Pienamente d'accordo con Aidoru, senza contare che ci sono alcune recentissime istallazioni appena ultimate che usano Dolby o XpanD ed ancora non entrano in funzione, per loro solo spese e nessun incasso! Tutto per l'approssimativismo con cui è stata affrontata la questione
Commento # 7 di: Notturnia pubblicato il 17 Marzo 2010, 17:29
userei il termine cialtronaggine :-D visto che siamo in italia..
e pensare che quando sono andato a warner e ho notato il cartello che ricordava che gli occhialini NON vanno usati fuori dal cinema perchè non proteggono contro i raggi uv del sole pensavo fra me e me quale cretino avrebbe usato quegli occhiali per guardare il sole...

beh :-D ora ho capito.. prevenivano alcune denunce di persone molto al di sotto della media :-D.. poveri noi.. se loro sono costretti a scrivere queste cose..

aveva ragione Einstein.. la somma dell'intelligenza nel mondo è costante ... la popolazione.... :-D
Commento # 8 di: Bonfire Redux pubblicato il 17 Marzo 2010, 17:41
Uhm...non sposerei affatto la tesi cospirazionista, secondo la quale ci siano interessi economici dietro questa scelta...mi sembra troppo raffinata. Dico solo che l'ignoranza regna sovrana! Quello che mi ha infastidito è semmai il modus operandi del Ministro che parla prima di aver sentito tutte le parti in causa...certo che se agisce così per queste cose, immaginate per quelle più gravi o serie!
La risposta di Anec e Anem mi sembra sensata: ma poi vi pare che l'Italia possa essere l'unico paese al mondo ad adottare misure di questo tipo? Certo che siamo proprio forti!
Commento # 9 di: Urca pubblicato il 17 Marzo 2010, 22:37
Una idiozia totale!
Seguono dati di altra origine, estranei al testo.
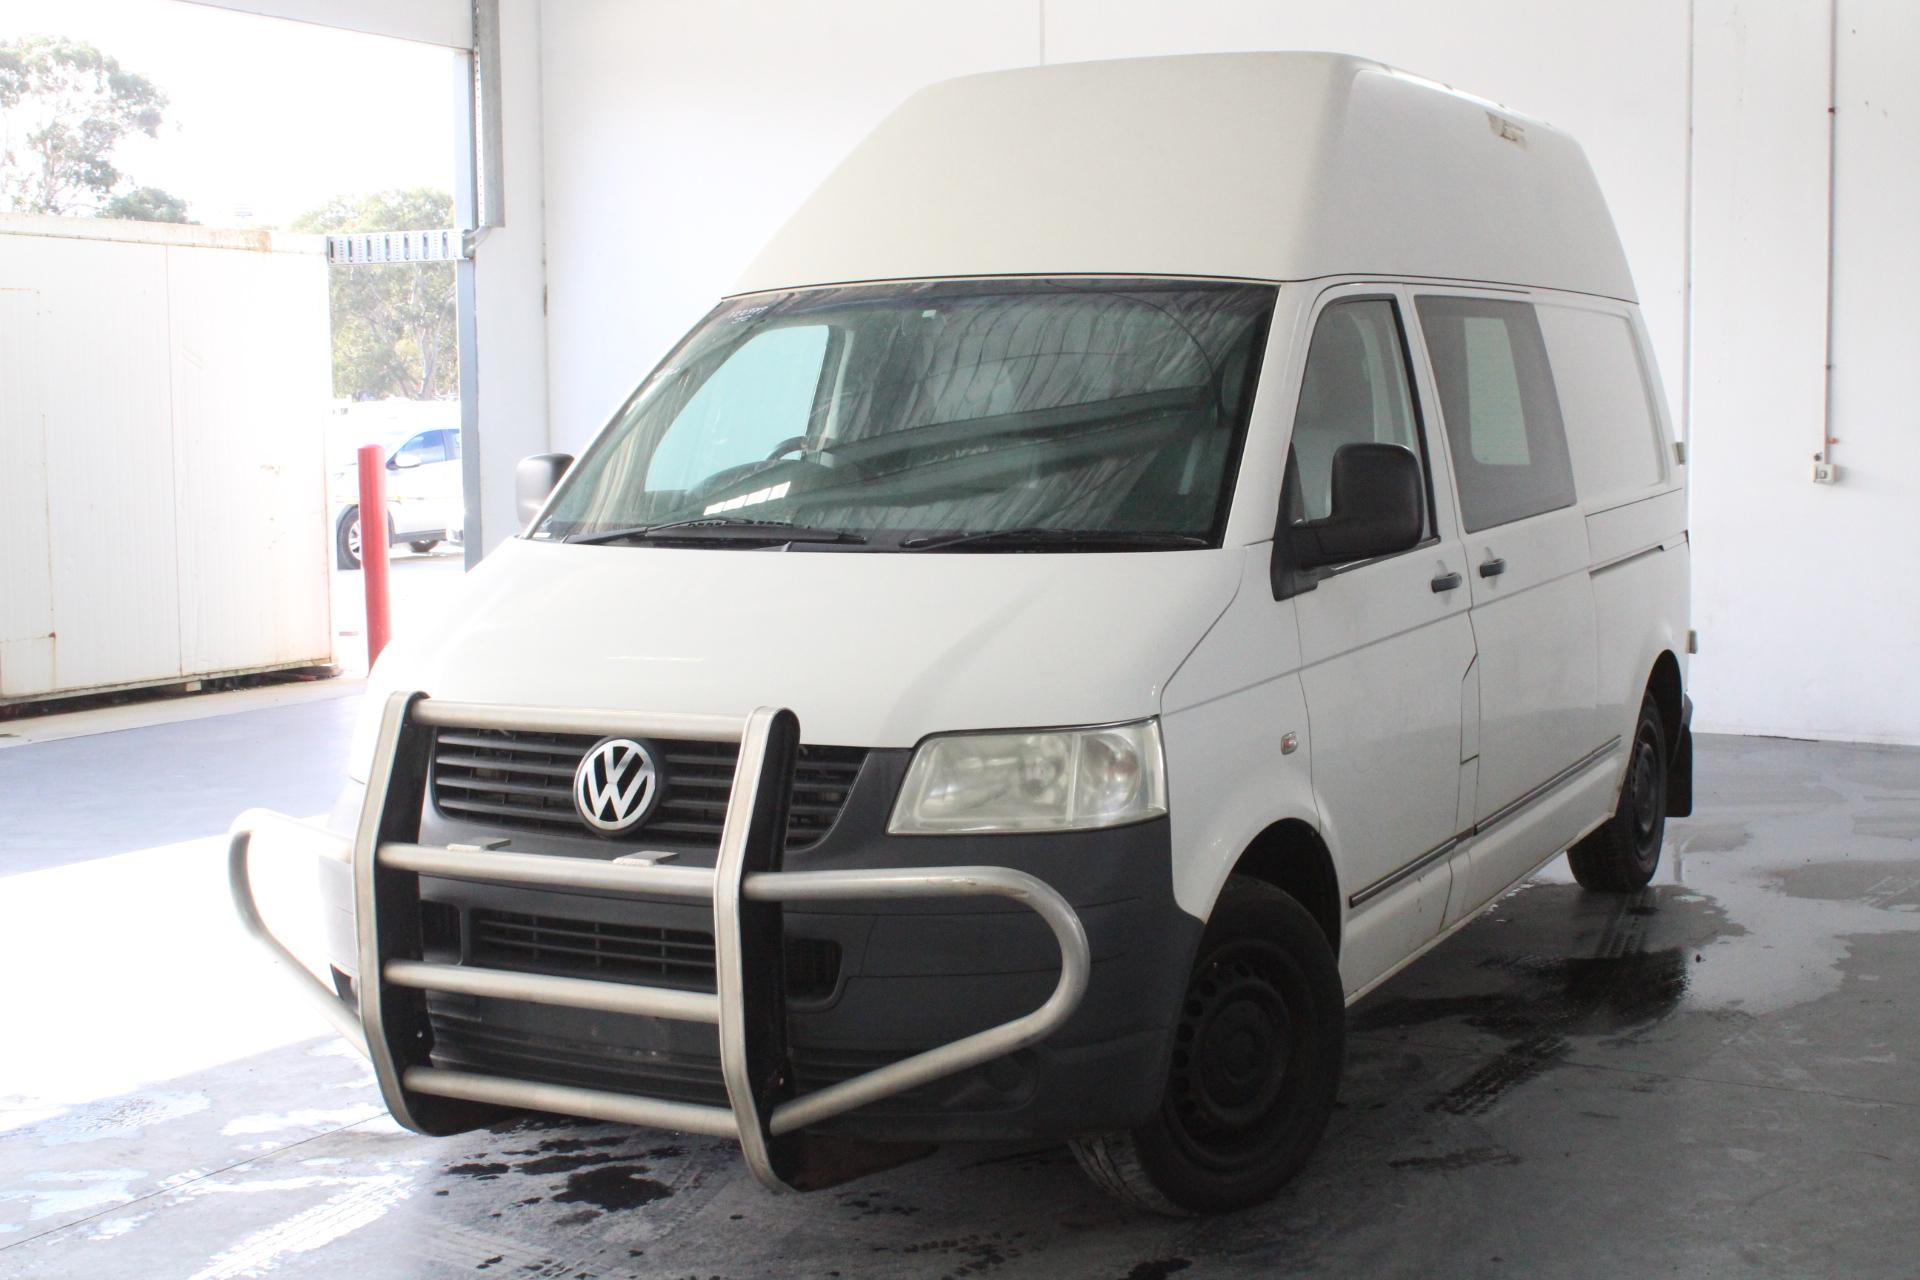 2009 Volkswagen Transporter (LWB) T5 Turbo Diesel Automatic Van

Ma secondo voi si corrono più rischi a indossare occhiali 3D o a frequentare una palestra o a toccare le maniglie su un autobus???? Roba da Italia piccola, piccola...
Commento # 10 di: faaezz pubblicato il 17 Marzo 2010, 23:12
Certo che in Italia siamo messi proprio male in quanto a lungimiranza dei nostri politici sulla tecnologia.
Pensate che quando ho detto alla mia bimba che non potremmo andare a vedere Alice 3d perchè è piccola si è messa quasi a piangere.